Terms and conditions    

(1) Registration required - sorry, no drop-ins allowed.  This program is free!

(2) Weather dependent - Please check your email 12 hours before the program date and time to confirm it has not been cancelled due to inclement weather such as high winds, heavy rain, or extreme heat.        

(3) Program Availability – Program full or you cannot attend this day or time?   Sign up here to be notified when the program runs in the future.        

(4) Cancellation policy – We refund cancellations due to illness to keep everyone healthy, but the number of recent cancellations is impacting our capacity to run these programs. If you must cancel, please let us know if you need a refund or if you are able to help us offer affordable programs for the public by donating your registration fee. (This is one way we can all subsidize programs in this changing economic climate and ensure these programs are available on a sliding scale.)  

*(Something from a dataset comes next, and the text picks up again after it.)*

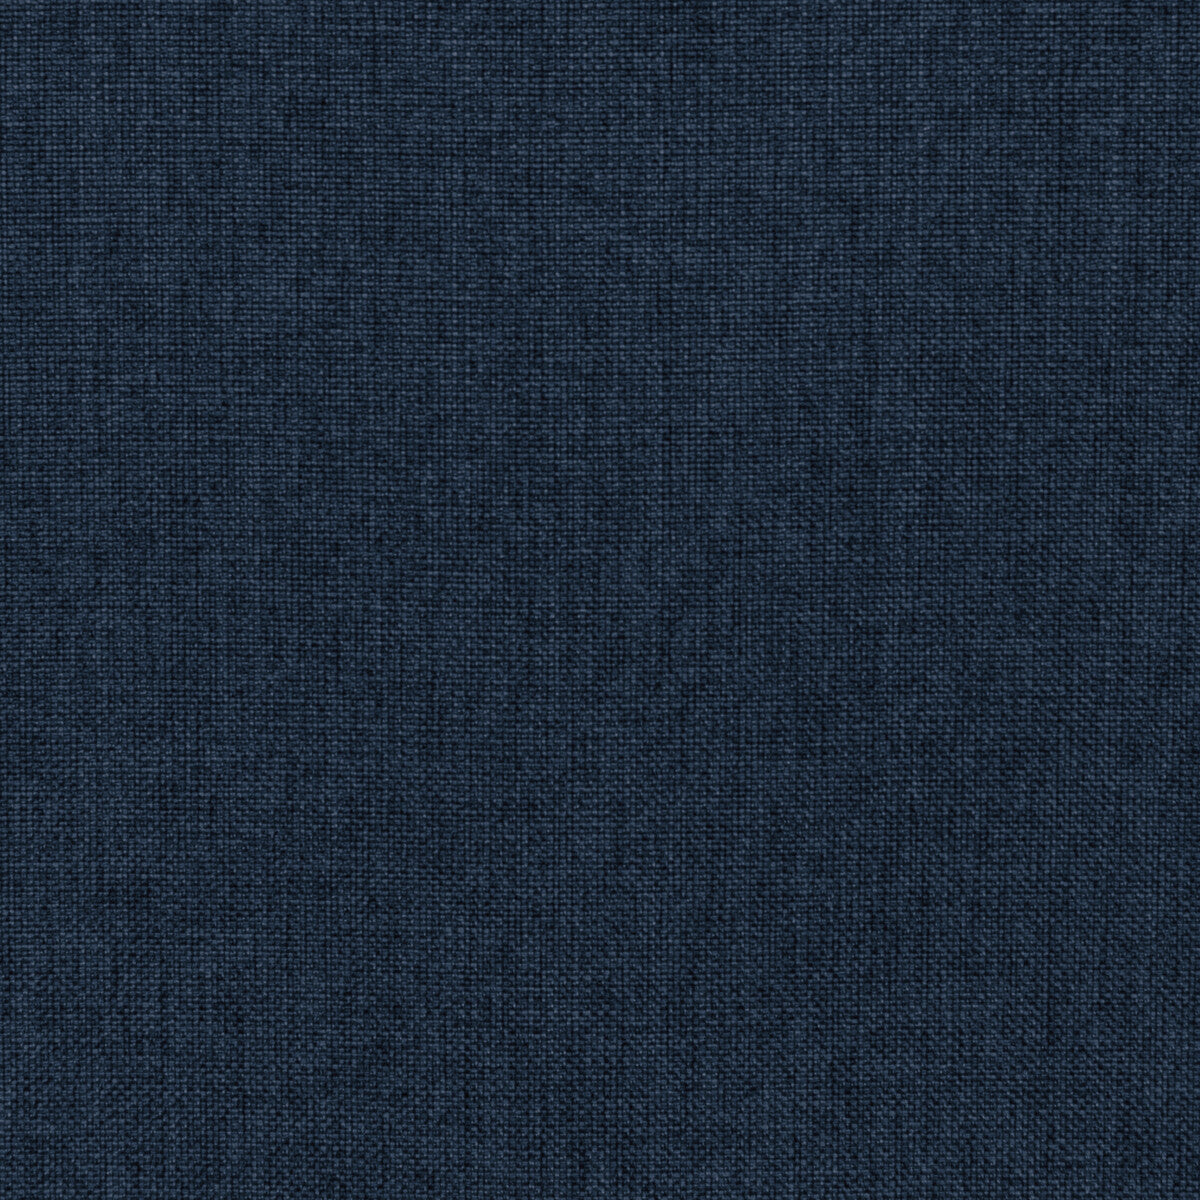 Fortify fabric in midnight color - pattern 36257.50.0 - by Kravet Contract in the Supreen collection
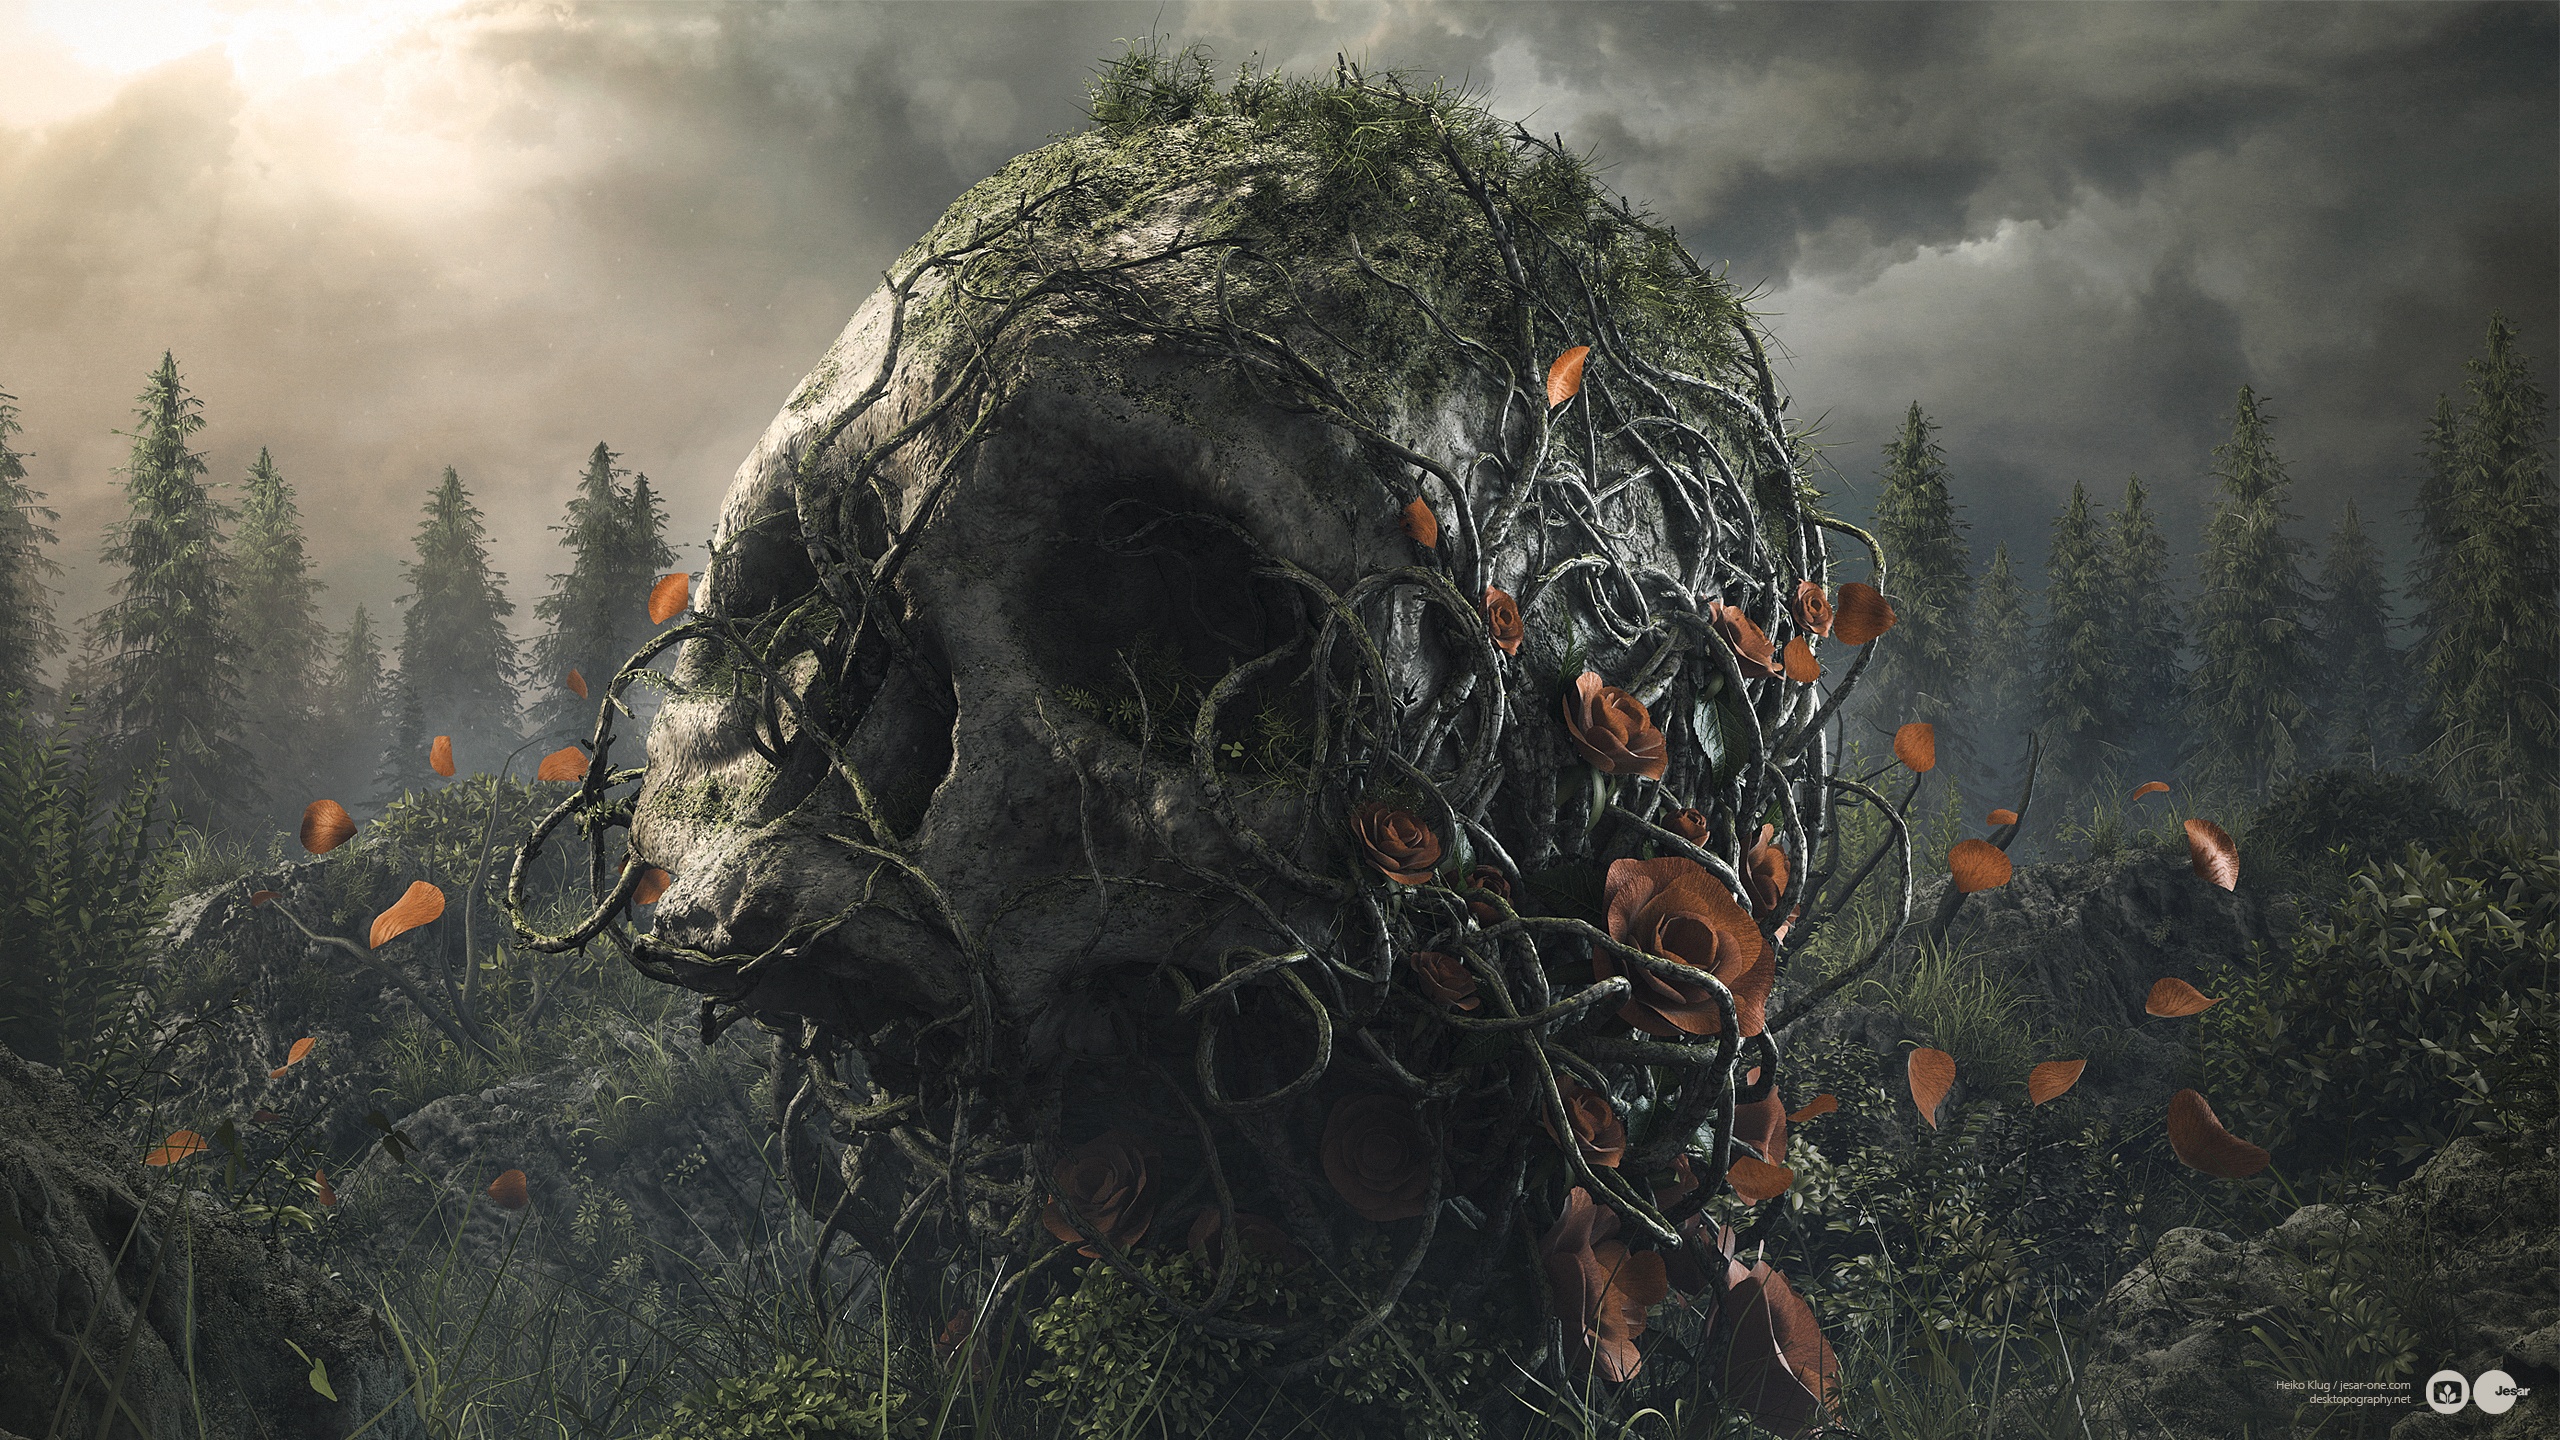 Skull Overgrown With Vines HD Wallpaper Background Image

We gratefully acknowledge that the land on which we gather and help steward is the unceded and traditional territories of the xʷməθkwəy̓əm (Musqueam), Skwxwú7mesh (Squamish) Nation, and Səl̓ílwətaʔ/Selilwitulh (Tsleil-Waututh) Nation. Since time immemorial, Coast Salish peoples have lived reciprocally with the land, harvesting and cultivating foods and medicines and practicing ceremony. The abundance of these lands and waters, which enables us to live, work, and play here today, is a result of the past and on-going stewardship and advocacy of the Coast Salish peoples.